### EXERCISE REQUIREMENTS
Look for the line containing "Maysa Luxury Abaya" and the line containing "Mid-Currituck Bridge Infographic 2.2" in the entries below. Copy those two and all lines between them exactly, leaving out pictures.

### STORED DATA
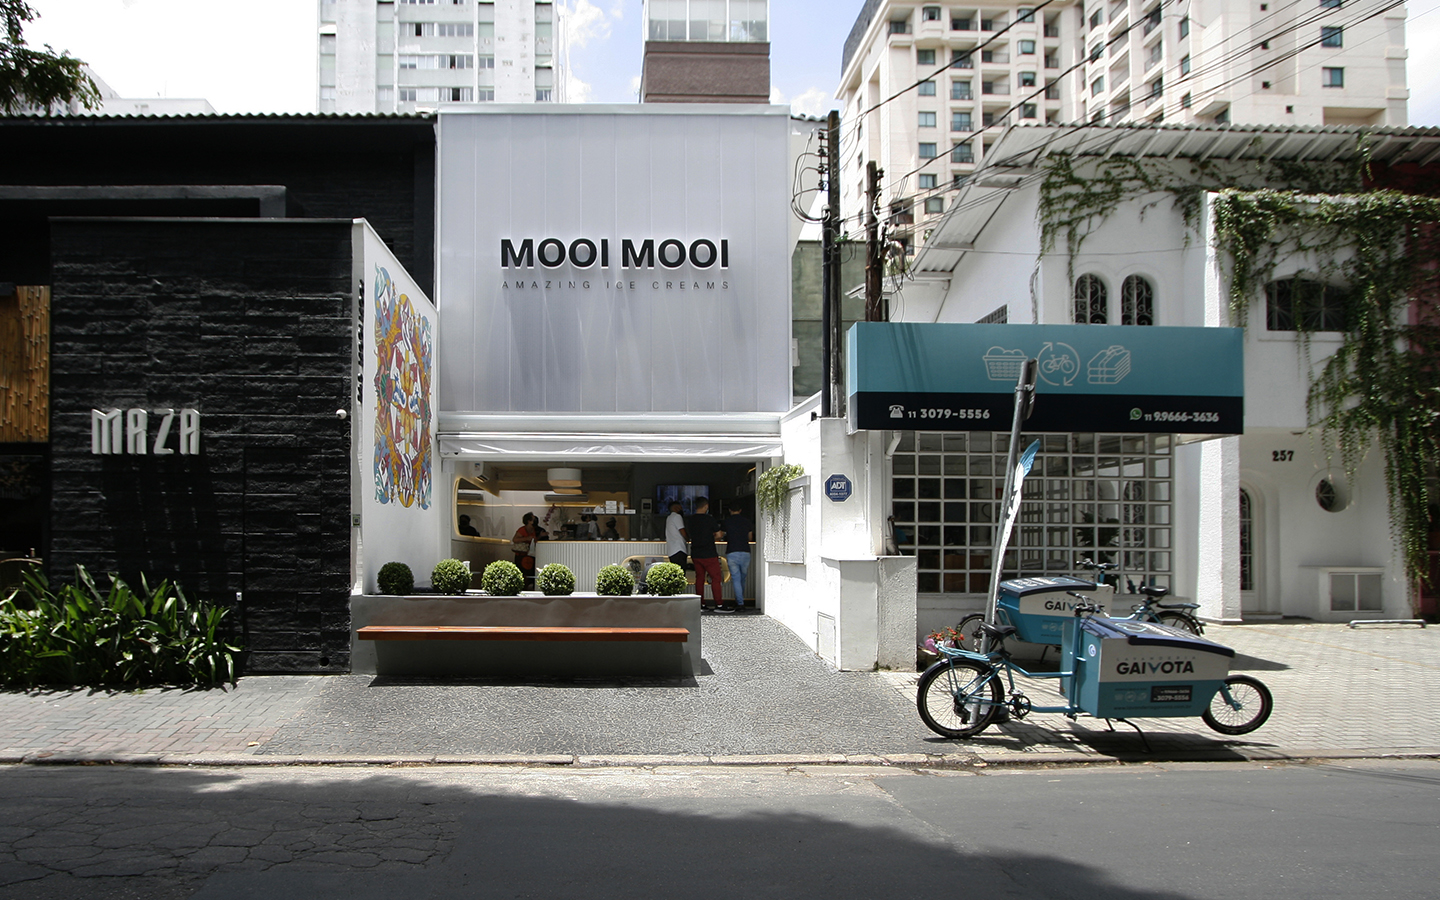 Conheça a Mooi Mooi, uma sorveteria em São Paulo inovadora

...

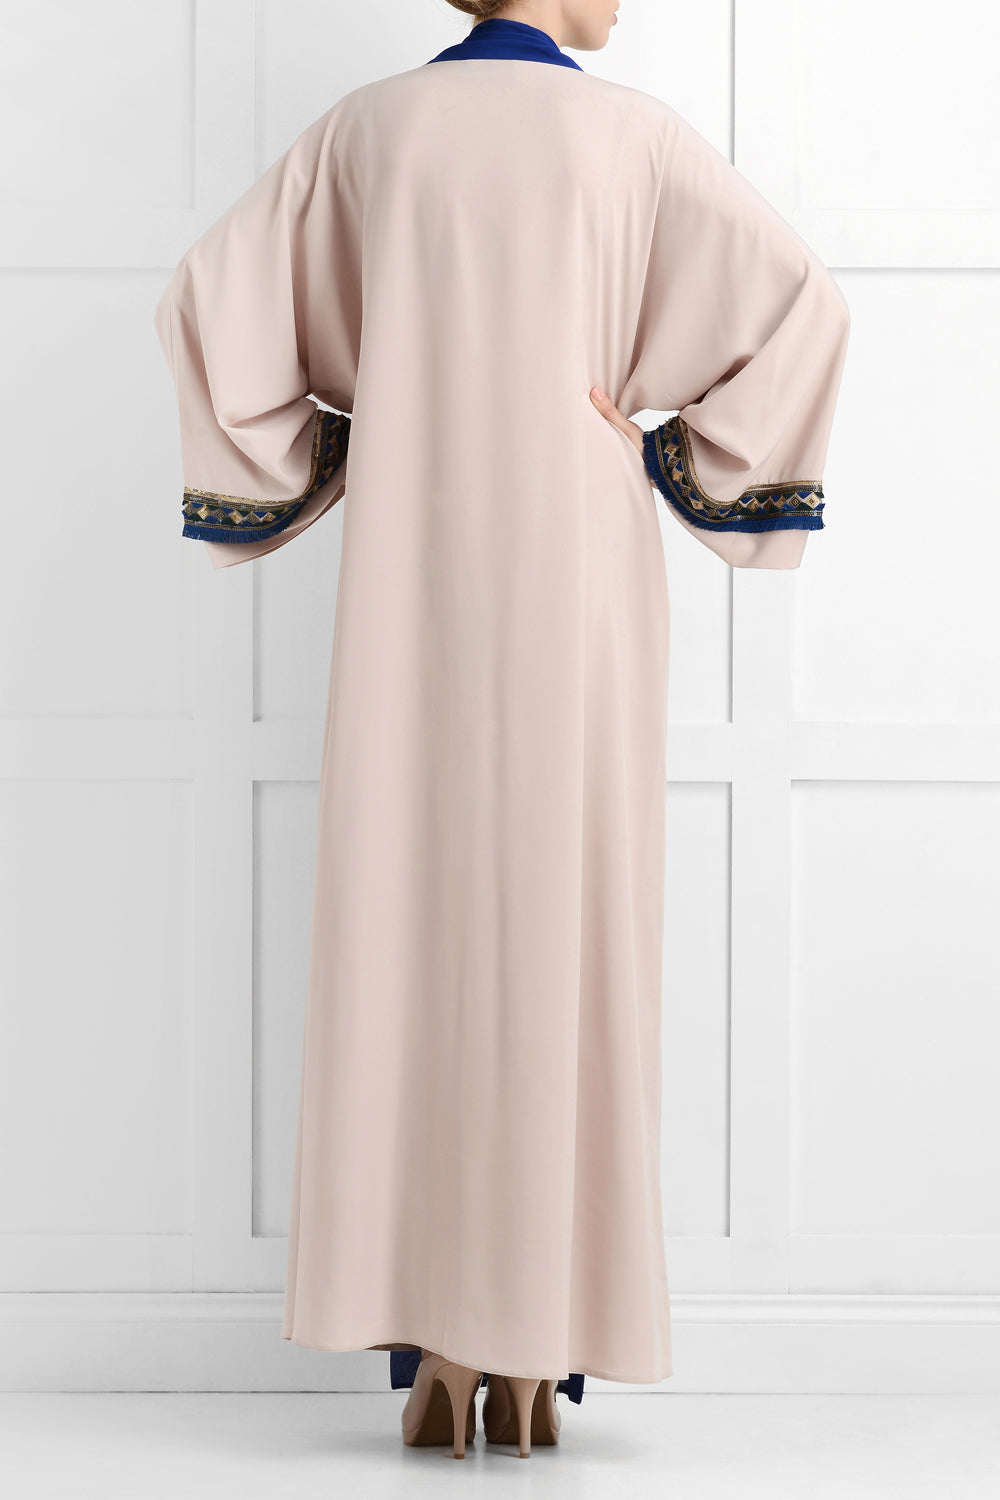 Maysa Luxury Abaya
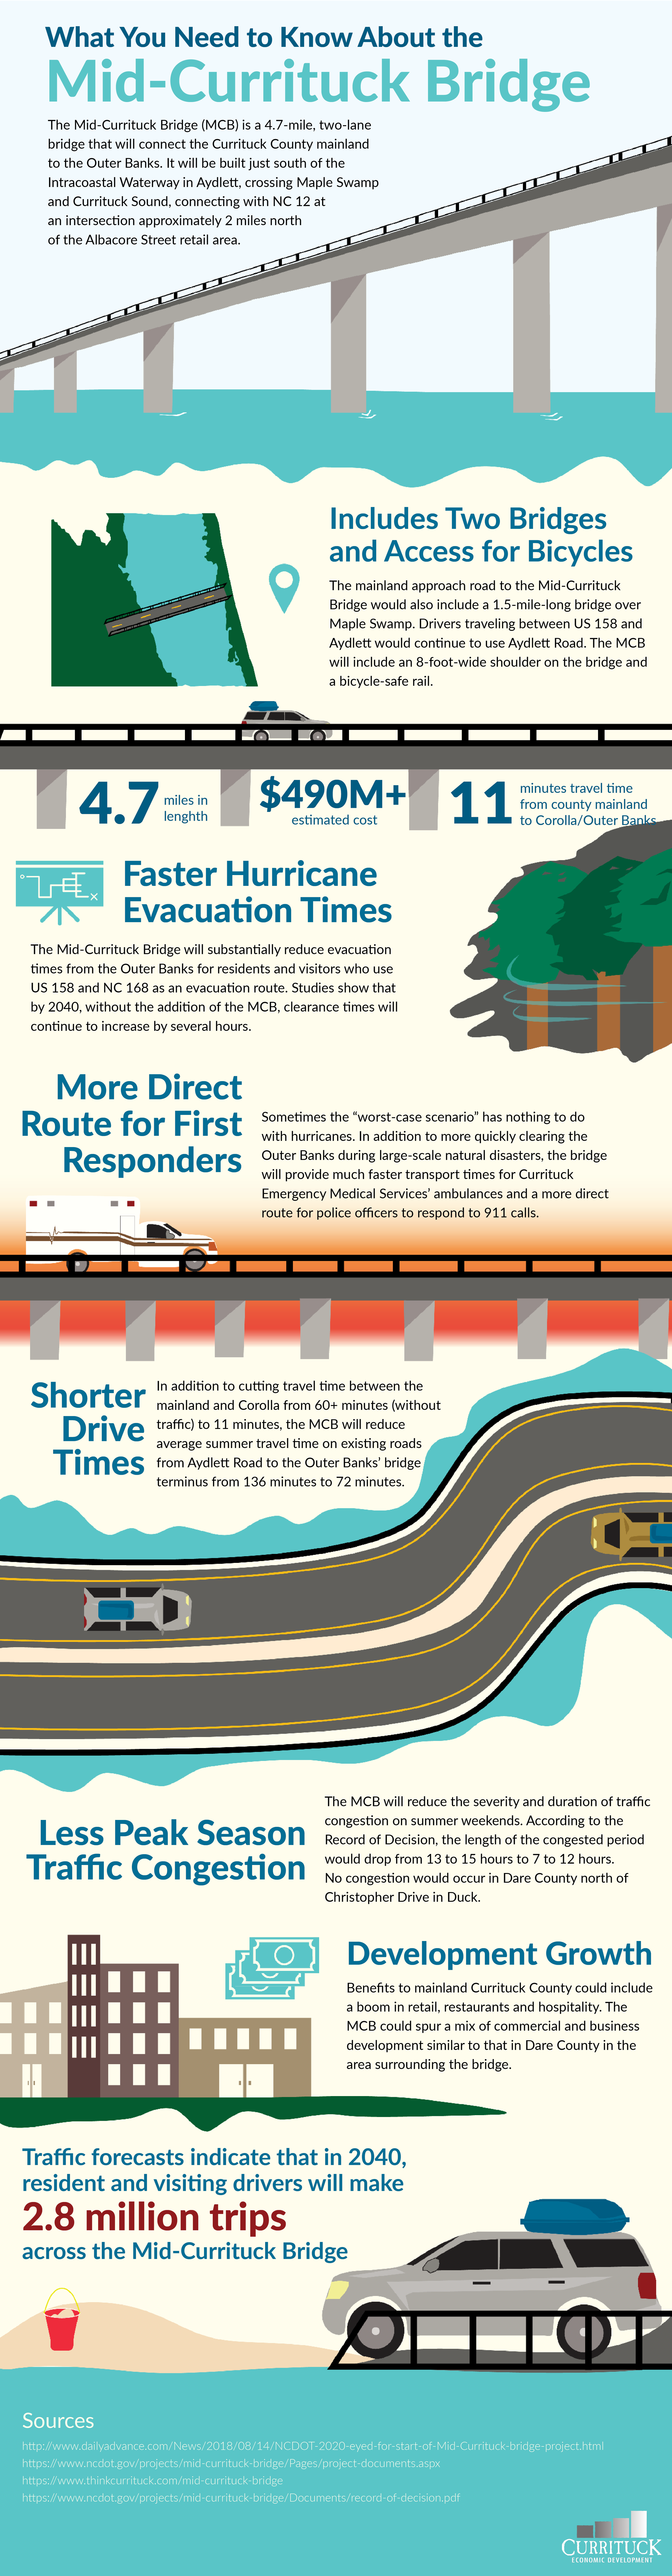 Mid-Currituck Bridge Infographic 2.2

### ANSWER FOR THIS EXERCISE
 Maysa Luxury Abaya
 Mid-Currituck Bridge Infographic 2.2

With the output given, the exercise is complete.